**Work to be completed:**
In the entries below, the word "Girl" appears on some lines. Copy each of those lines.
----- Extracted entries -----
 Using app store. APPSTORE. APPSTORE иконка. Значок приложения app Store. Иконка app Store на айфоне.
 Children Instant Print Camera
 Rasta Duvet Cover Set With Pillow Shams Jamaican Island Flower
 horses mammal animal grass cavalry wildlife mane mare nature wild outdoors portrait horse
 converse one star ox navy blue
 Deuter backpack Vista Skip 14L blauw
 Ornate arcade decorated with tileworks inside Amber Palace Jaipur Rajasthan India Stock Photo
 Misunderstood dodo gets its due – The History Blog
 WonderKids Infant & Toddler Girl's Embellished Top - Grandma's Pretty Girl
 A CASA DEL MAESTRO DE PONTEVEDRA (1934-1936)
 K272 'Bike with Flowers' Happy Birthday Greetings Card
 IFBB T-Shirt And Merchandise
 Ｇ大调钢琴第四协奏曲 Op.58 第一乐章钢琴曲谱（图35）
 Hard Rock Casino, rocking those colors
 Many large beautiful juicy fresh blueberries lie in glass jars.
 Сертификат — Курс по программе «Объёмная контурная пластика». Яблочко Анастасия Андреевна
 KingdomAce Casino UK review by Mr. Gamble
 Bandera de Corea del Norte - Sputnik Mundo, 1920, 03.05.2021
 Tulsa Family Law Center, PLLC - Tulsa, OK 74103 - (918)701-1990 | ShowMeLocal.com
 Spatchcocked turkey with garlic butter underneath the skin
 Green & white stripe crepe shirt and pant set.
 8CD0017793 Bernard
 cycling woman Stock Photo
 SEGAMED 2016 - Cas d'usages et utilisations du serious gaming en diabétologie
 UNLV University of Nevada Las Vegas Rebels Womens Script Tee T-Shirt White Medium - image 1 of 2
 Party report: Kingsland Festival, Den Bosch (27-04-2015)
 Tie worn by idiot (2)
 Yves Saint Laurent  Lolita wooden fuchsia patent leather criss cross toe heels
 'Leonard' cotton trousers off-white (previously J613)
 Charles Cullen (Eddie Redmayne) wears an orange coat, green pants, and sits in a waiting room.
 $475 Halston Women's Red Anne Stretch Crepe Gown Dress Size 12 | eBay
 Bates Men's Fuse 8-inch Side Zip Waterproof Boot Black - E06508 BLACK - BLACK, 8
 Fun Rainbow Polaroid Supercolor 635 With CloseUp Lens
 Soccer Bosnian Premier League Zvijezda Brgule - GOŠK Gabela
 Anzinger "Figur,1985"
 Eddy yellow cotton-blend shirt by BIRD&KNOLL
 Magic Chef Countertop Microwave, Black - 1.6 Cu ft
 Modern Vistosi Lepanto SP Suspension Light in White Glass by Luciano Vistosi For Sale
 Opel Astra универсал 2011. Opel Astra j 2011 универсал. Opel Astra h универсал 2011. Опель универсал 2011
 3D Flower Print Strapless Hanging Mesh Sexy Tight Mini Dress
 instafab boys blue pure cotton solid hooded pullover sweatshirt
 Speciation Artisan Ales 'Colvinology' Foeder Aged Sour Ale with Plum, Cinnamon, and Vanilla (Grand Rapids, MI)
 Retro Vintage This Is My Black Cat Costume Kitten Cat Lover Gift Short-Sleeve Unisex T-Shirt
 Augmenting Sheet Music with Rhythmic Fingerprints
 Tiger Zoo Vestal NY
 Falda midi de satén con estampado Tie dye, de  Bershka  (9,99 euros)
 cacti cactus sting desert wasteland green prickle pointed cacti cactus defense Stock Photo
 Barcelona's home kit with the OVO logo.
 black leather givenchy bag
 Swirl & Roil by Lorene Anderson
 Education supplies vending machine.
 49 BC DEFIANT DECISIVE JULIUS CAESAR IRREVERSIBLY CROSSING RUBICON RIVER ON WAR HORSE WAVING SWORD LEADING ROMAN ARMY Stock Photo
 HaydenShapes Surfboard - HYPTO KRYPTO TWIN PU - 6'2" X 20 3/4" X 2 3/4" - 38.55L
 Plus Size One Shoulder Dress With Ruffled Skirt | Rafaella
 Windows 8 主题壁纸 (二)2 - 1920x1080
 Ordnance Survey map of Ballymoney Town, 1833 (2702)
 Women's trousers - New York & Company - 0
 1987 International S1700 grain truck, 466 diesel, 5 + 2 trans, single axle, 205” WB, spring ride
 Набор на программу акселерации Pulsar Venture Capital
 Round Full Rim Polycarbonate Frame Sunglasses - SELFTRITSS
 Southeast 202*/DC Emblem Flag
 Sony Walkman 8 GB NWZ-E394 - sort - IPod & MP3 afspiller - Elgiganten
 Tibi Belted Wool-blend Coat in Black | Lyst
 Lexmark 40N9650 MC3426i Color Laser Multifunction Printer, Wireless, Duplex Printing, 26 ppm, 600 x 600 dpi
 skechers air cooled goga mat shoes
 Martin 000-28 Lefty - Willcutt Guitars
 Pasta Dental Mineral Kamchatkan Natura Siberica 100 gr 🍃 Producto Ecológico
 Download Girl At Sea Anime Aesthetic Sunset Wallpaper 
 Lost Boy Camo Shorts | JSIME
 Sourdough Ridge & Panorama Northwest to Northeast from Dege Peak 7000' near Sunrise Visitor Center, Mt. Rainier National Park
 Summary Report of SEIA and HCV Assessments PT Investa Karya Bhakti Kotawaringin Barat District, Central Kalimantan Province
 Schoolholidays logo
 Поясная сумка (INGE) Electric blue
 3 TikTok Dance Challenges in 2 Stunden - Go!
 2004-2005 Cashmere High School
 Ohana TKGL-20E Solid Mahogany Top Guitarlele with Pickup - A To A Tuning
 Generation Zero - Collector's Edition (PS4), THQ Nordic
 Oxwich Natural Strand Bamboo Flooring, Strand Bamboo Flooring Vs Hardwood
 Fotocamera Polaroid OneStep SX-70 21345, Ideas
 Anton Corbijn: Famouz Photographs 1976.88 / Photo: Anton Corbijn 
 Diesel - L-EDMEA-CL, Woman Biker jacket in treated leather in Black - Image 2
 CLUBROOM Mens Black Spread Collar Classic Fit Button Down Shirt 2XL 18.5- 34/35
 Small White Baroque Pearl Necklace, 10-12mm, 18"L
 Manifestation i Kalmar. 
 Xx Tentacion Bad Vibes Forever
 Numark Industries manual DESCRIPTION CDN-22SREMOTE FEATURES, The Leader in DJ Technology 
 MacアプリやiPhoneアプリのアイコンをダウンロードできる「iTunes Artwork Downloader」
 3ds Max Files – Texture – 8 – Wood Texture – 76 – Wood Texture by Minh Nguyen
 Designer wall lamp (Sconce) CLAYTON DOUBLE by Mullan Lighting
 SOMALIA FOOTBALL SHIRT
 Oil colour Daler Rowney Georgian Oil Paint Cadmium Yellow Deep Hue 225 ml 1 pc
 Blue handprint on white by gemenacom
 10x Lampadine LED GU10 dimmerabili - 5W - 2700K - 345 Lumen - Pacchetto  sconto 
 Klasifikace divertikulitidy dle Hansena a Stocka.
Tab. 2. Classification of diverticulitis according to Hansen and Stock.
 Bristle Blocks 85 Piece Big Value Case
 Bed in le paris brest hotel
-----
**Response below:**
 WonderKids Infant & Toddler Girl's Embellished Top - Grandma's Pretty Girl
 Download Girl At Sea Anime Aesthetic Sunset Wallpaper 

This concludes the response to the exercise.